Hearts' Steven Naismith: I've got a plan of what I want to do when time comes
The 36-year-old has had a desire to move into the dugout for some time, stretching back over a decade to his playing days at Rangers. Even still, he confesses there were doubts as to how he would take to the position once he was presented with an opportunity. That opening came last month when Robbie Neilson was sacked and Naismith, the club’s B team head coach in the Lowland League, was asked to take over as caretaker for the remainder of the campaign. Four weeks, and three matches, on and the former Scotland internationalist is happy to report he remains just as determined to carve out a future in management as he was before experiencing the role properly for the first time.

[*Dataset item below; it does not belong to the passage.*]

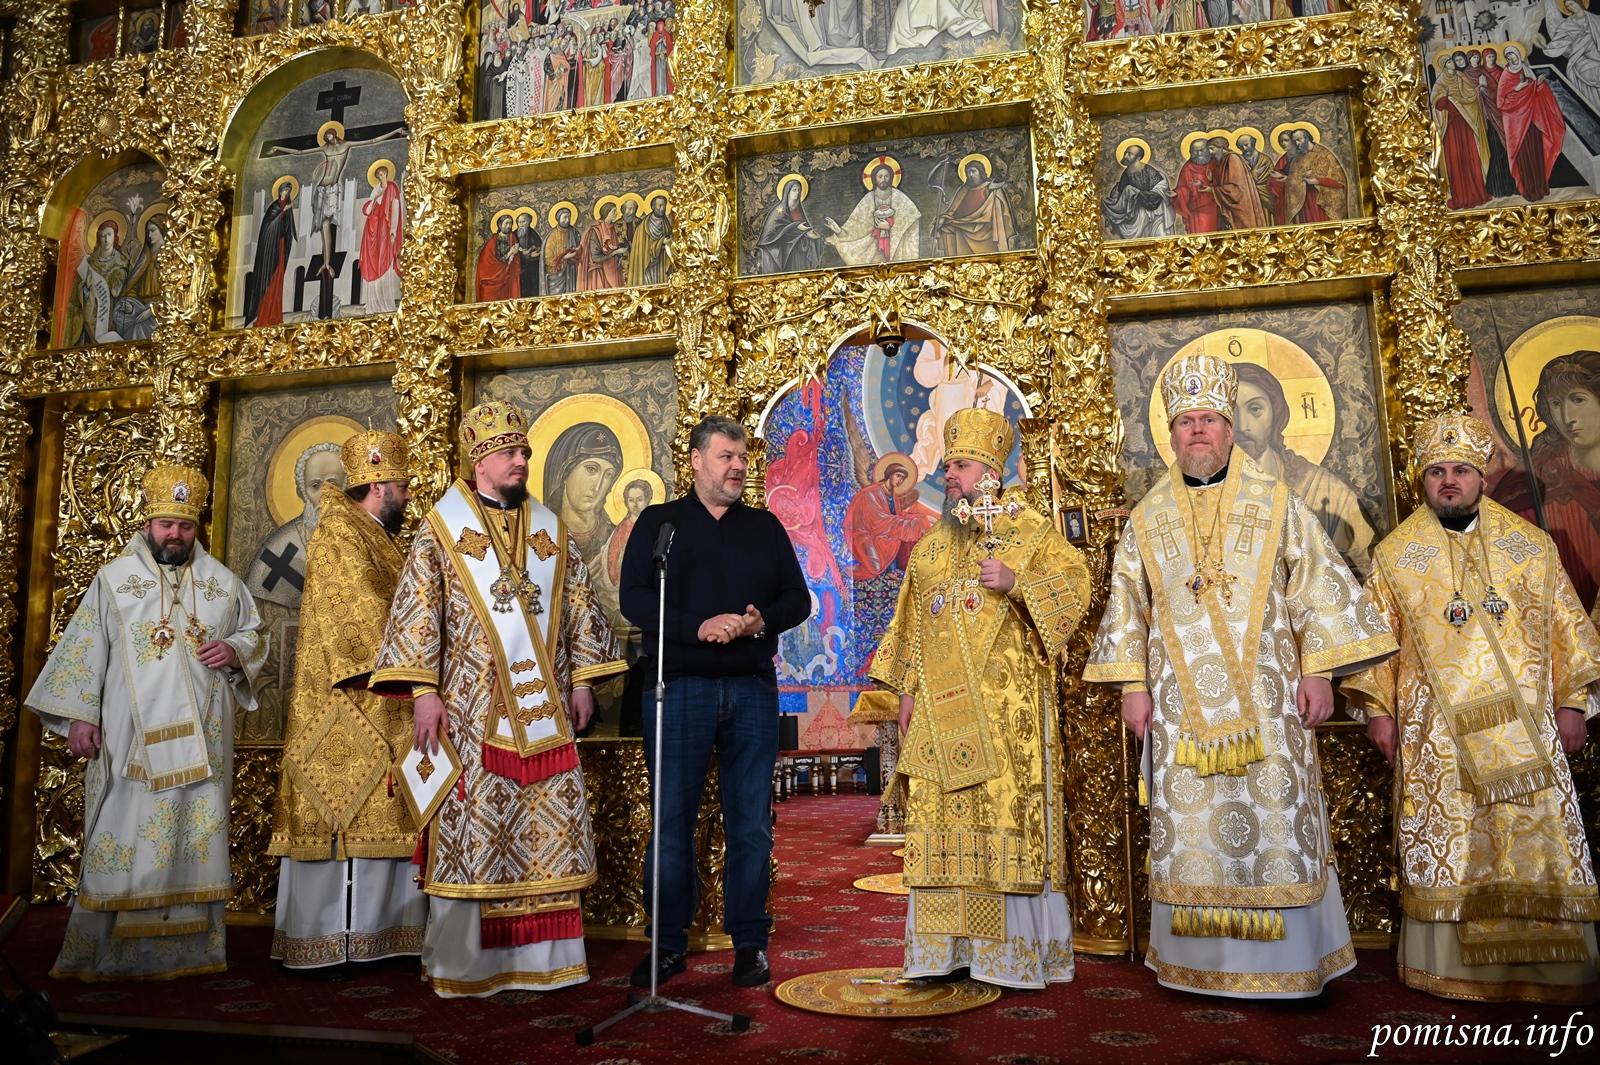 Metropolitan of Kyiv visited Eparchy of Zhytomyr and Ovruch

“When I went into Rangers, I thought about being a coach and staying in football,” Neilson explained. “I was thinking about what I would do when I finished playing. I started asking questions and coaches would talk you through things and I loved it. As I got older I realised I wanted to be the manager and the guy in control. It had to be my way, not being a back up. It is okay when you are learning but you want to be your own man.
“From talking to the club at the time [of Neilson’s exit], there were general discussions about what happens in the summer and obviously I had a previous role. At that moment, you don’t know if you’ll enjoy it or whether you’re ready or whether you think it could or couldn’t have gone any better. That will be the part, I’ll come to the end of the season and make the right call on it. But I’ve enjoyed every minute of it so far.”
After Naismith was handed the reins on an interim basis, Hearts chief executive Andrew McKinlay talked in glowing terms of the former Kilmarnock, Rangers, Everton and Norwich City attacker. He was adamant the Scotland coach could use his spell in charge to convince he was more than a stop-gap. However, with Saturday’s trip to face St Mirren potentially pivotal in the team’s quest to overhaul Aberdeen’s five-point lead in third, not to mention hold off the competition from rivals Hibernian just a point below in fifth and St Mirren three further points adrift in sixth, Naismith remains focused on the short-term.
“I’ve not thought beyond [the next four games] but I’ve got a plan of what I want to do, whether I’m the manager here or somewhere else, whenever that time comes,” Naismith continued. “I wouldn’t say I’m frustrated but it’s tough to think it’s only this short period [at Hearts]. But I know how football works. To get opportunities you need to react and be ready and take them. It’s like being a player and someone’s injured on a Friday and you’re a young player and you get an opportunity. That’s your chance. This is very similar to that, and that’s how I see it.”
Meanwhile, Naismith has admitted Hearts did not appeal Alex Cochrane’s red card against Celtic for fear, like Aberdeen’s Graeme Shinnie, of having an extra match added to his two-game ban as punishment. He added: “The process is why we don’t appeal it. There are previous cases that have come and gone, and the consequences of them were part of the thinking. I would rather have him available than risk him missing more games.”